[Aim of the exercise] Set down exactly the lines in the records below that run from the line with "Jo Malone London" to the line with "RA, Rentekammeret inntil", inclusive, and nothing more.

[Dataset records]
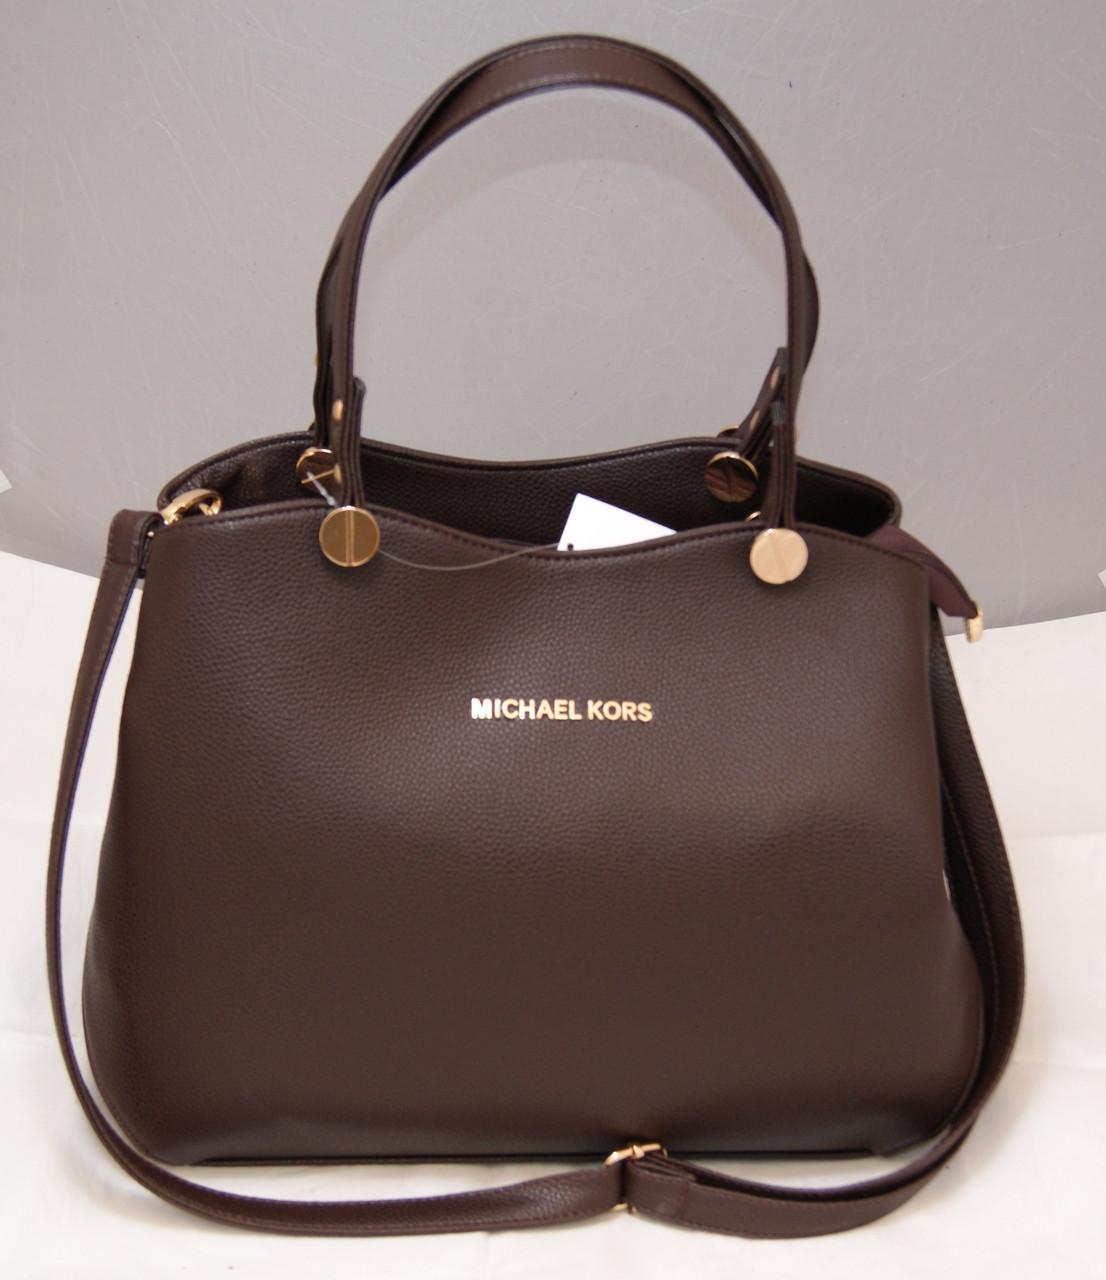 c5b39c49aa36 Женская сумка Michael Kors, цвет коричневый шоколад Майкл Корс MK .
--
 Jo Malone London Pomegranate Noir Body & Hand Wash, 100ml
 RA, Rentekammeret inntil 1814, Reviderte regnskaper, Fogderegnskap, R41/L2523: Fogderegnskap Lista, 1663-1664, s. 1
---
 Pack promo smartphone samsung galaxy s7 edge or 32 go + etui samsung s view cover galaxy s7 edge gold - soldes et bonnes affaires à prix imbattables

[Solution]
 Jo Malone London Pomegranate Noir Body & Hand Wash, 100ml
 RA, Rentekammeret inntil 1814, Reviderte regnskaper, Fogderegnskap, R41/L2523: Fogderegnskap Lista, 1663-1664, s. 1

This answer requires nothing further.